Question 1 – Solution
a) The maximum number of books that can be arranged on each shelf without mixing genres is the highest common factor (HCF) of 36, 54, and 90. HCF = 18.
b) Drama books = 36/18 = 2 shelves, History books = 54/18 = 3 shelves, Science books = 90/18 = 5 shelves. Total = 2 + 3 + 5 = 10 shelves.
c) Total books = 36 + 54 + 90 = 180. If a student can borrow 5 books per day, it would take 180/5 = 36 days to borrow all books.
d) The least common multiple (LCM) of 36, 54, and 90 is 540.
Question 2 – Solution
a) Prime factorization of 225 = 3 x 3 x 5 x 5 or \(3^2 \times 5^2\).
b) The maximum number of flowers each bouquet can contain is the HCF of 270, 225, and 405. HCF = 45.
c) Number of bouquets = 270/45 + 225/45 + 405/45 = 6 + 5 + 9 = 20 bouquets.
d) 270, 225, and 405 are not coprime as they have common factors other than 1.
Question 3 – Solution
a) Total spent on snacks = ₹1550 – (2 x ₹400) = ₹750. Possible orders: Pizza + Chips + Water + Ice Cream = ₹200 + ₹130 + ₹30 + ₹100 = ₹460.
b) Combo cost = Pizza + Ice Cream + Soda = ₹200 + ₹100 + ₹150 = ₹450. Additional amount needed = ₹450 – amount not used from ₹460 = ₹10.
Question 4 – Solution
i) EG = FH because C is the midpoint of FH, which implies FC = CH and GH = EF. So, EG = EF + FG = EF + FC = FH.
ii) Since C is the midpoint of FH, CH = 1/2 FH. So, EF = FH – GH = FH – CH = 1/2 FH. EH = EF + FG + GH = EF + FC + CH = EF + 1/2 FH = 1/3 EH.
Question 5 – Solution
a) A rough figure would show two lines intersecting at X.
b) True. Two chords in a circle will always intersect, either inside the circle or, if extended, outside.
c) The sketch would show a four-sided shape with lines drawn between opposite corners.
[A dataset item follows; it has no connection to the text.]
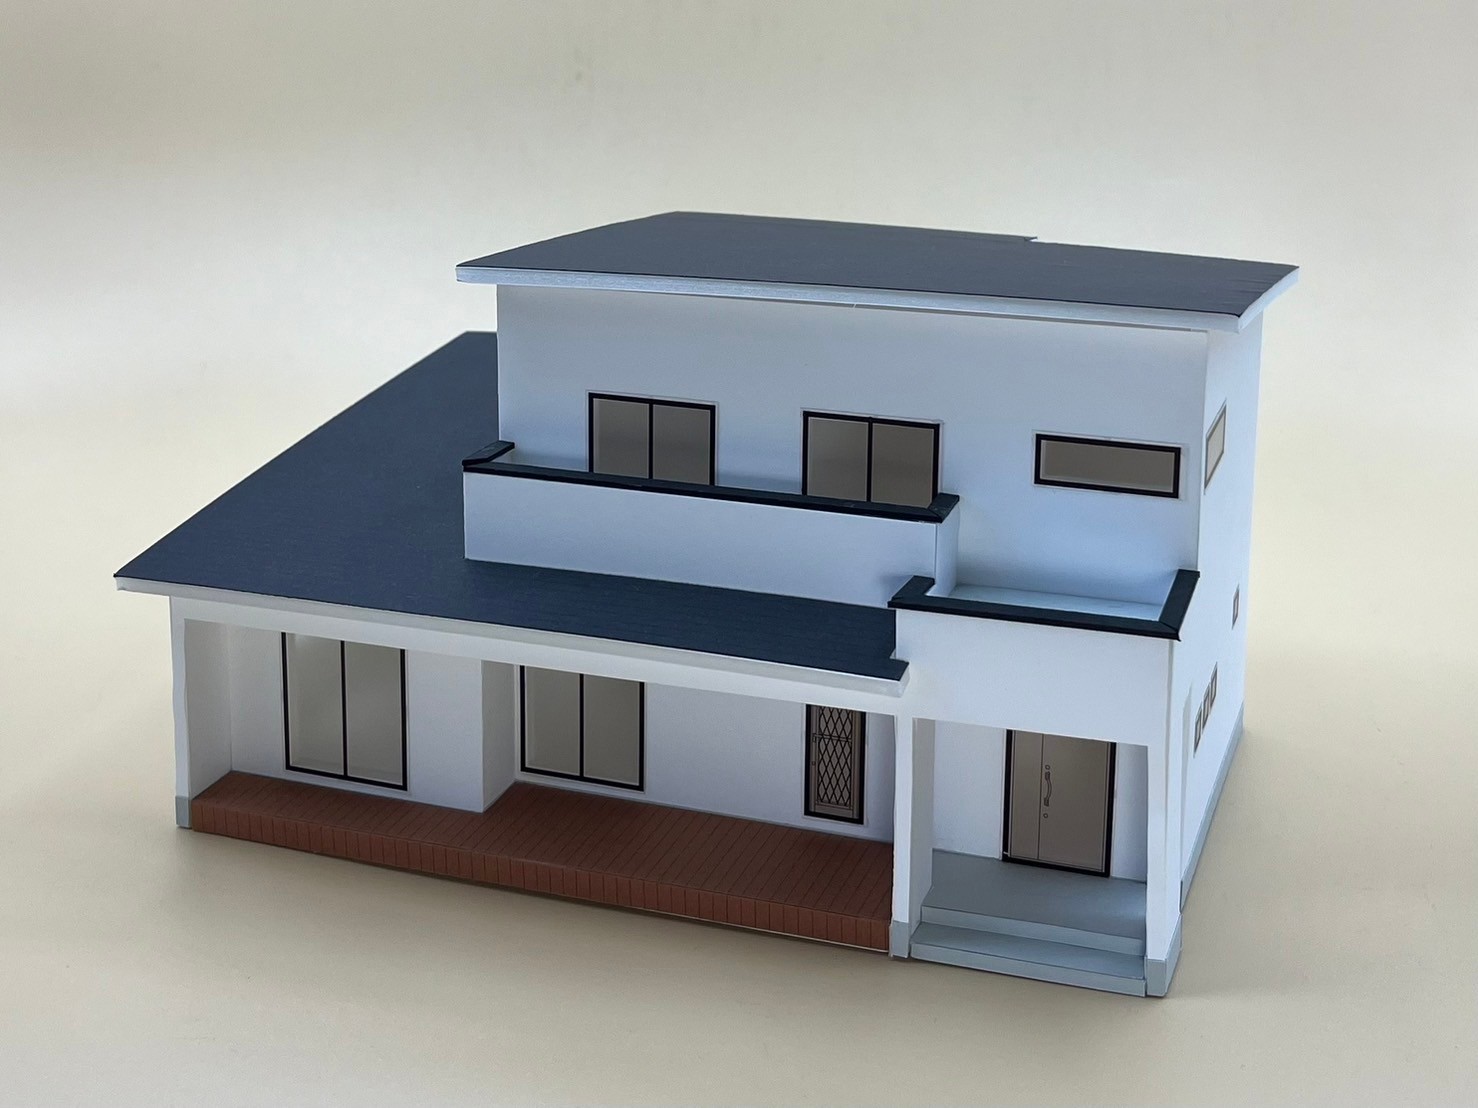 中古模型販売ページ | 住宅模型キット「dekita」特設サイト

The intersection of the diagonals would be inside the quadrilateral.
Question 6 – Solution
a) Sum on the number line = -6 – 2 = -8.
b) Computation result = -250 + 324 – 237 + 630 = 467.
c) Using the given values, pq = -|12-18| + 5 = -|-6| + 5 = -6 + 5 = -1.
Question 7 – Solution
a) The HCF of two consecutive even numbers is 2.
b) For a number to be divisible by 9, the sum of its digits must be divisible by 9. Summing up the digits we have: 7 + 9 + 2 + 8 + 4 + 5 = 35. To make it divisible by 9, the sum must be the next multiple of 9 after 35, which is 36. Thus, the smallest value of * is 1.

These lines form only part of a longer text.